> Directions:
Begin at the line containing "Dolle cm, cm, Holz, 63" in the entries below and end at the line containing "Djupvik fiskemottak, Djupvik, 9146"; transcribe that range exactly and nothing outside it.

(Data records)
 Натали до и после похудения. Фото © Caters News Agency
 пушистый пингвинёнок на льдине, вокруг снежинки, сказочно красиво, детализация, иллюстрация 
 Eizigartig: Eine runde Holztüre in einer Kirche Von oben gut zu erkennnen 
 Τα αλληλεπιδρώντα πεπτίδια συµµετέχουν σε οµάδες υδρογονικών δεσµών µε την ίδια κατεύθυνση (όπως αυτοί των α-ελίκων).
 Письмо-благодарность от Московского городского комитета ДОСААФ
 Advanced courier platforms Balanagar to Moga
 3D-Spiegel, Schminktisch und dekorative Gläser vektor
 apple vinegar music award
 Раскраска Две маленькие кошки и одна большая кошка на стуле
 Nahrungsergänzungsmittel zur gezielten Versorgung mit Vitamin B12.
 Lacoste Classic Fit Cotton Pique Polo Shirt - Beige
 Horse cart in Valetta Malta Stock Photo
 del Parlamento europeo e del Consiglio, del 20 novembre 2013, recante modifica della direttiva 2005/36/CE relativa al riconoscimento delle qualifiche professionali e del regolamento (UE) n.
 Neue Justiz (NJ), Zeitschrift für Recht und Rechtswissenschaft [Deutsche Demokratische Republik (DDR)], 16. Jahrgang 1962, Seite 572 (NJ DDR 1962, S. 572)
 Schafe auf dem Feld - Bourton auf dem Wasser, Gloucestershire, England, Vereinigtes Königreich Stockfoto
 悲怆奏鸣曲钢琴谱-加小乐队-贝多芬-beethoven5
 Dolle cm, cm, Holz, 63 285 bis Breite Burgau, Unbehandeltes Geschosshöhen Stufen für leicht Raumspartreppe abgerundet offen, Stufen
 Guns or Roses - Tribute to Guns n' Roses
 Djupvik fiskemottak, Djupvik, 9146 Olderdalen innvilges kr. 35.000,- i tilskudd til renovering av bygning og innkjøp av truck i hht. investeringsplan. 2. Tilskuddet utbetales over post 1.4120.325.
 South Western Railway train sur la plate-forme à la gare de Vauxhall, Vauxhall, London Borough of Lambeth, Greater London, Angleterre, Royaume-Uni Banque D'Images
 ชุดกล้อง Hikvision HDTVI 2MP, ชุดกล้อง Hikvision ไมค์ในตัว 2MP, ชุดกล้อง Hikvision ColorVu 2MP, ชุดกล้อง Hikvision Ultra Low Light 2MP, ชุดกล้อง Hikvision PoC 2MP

> Task answer:
 Dolle cm, cm, Holz, 63 285 bis Breite Burgau, Unbehandeltes Geschosshöhen Stufen für leicht Raumspartreppe abgerundet offen, Stufen
 Guns or Roses - Tribute to Guns n' Roses
 Djupvik fiskemottak, Djupvik, 9146 Olderdalen innvilges kr. 35.000,- i tilskudd til renovering av bygning og innkjøp av truck i hht. investeringsplan. 2. Tilskuddet utbetales over post 1.4120.325.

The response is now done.